# String index out of range: 8 	at java.lang.String.substring(Unknown Source)



## Steeeve (12. Jan 2012)

Hallo zusammen,

ich kann den ersten Teil eines Programms, das ich schreiben muss, compilieren.
Nur kommt dennoch eine Fehlermeldung am Ende:

*Quelltext:*
[Java]
ArrayList <String> Artikelliste = new ArrayList <String>();            // ArrayList für die Aufnahme der Datensätze
		ArrayList <String> ListeTuer = new ArrayList <String>();               // ArrayList Türen
		ArrayList <String> ListeRest = new ArrayList <String>();               // ArrayList Rest

		String Anr,Anr2, Abez;
		Double Preis;
		int MaxBest;
		int z=0;
		//int a=0;

		                                                                       //Aufruf UP zum Lesen der Datei
		Artikelliste = ReadIn();
		int s = Artikelliste.size();
		while (z < s)                                                          // Beginn der eigentlichen Programmschleife
		{                                                                      // Rückgabewerte des UP werden in ArrayList gespeichert

		Anr = Artikelliste.get(z).substring(0,8);
		Abez = Artikelliste.get(z).substring(9,40);
		MaxBest = Integer.parseInt(Artikelliste.get(z).substring(48,52));
		Preis = Double.parseDouble(Artikelliste.get(z).substring(100,107));

		if (Integer.parseInt(Anr.substring(5,7))==22)
		{
		ListeTuer.add(Anr);
		}
		else
		{
		ListeRest.add(Anr);
[/Java]


*Fehlermeldung:*
Exception in thread "main" java.lang.StringIndexOutOfBoundsException: String index out of range: 8
at java.lang.String.substring(Unknown Source)
at pruefungspackage.PRUEFUNGSCLASS.main(PRUEFUNGSCLASS.java:34)

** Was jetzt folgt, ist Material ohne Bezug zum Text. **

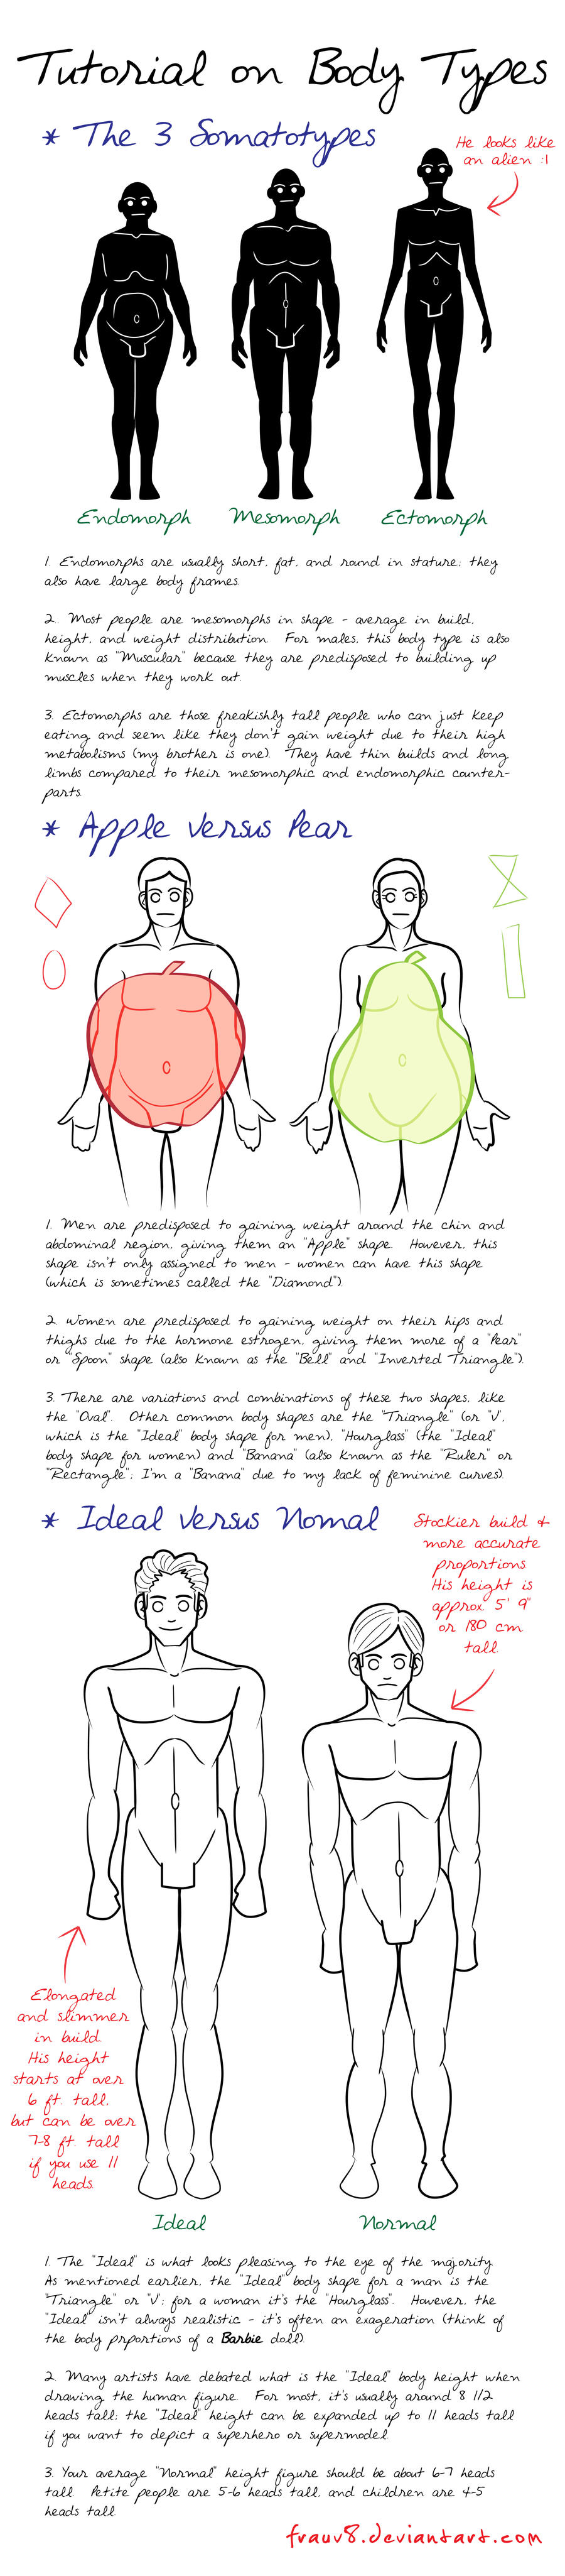 Body Types Tutorial by FrauV8 on DeviantArt

Kann mir jemand sagen wo das Problem liegt?

Danke schon mal vorab.


----------



## Firephoenix (12. Jan 2012)

In deiner Codezeile 34 (die zeilen im Foreneintrag sind nicht äquivalent) greifst du auf die 8. Stelle eines Strings zu der Kürzer als 8 Zeichen ist.


----------



## Fab1 (12. Jan 2012)

siehe auch API bei der Exception String (Java 2 Platform SE v1.4.2)


----------



## Steeeve (12. Jan 2012)

nein, es ist eine Artikelnr mit 8 Ziffern. 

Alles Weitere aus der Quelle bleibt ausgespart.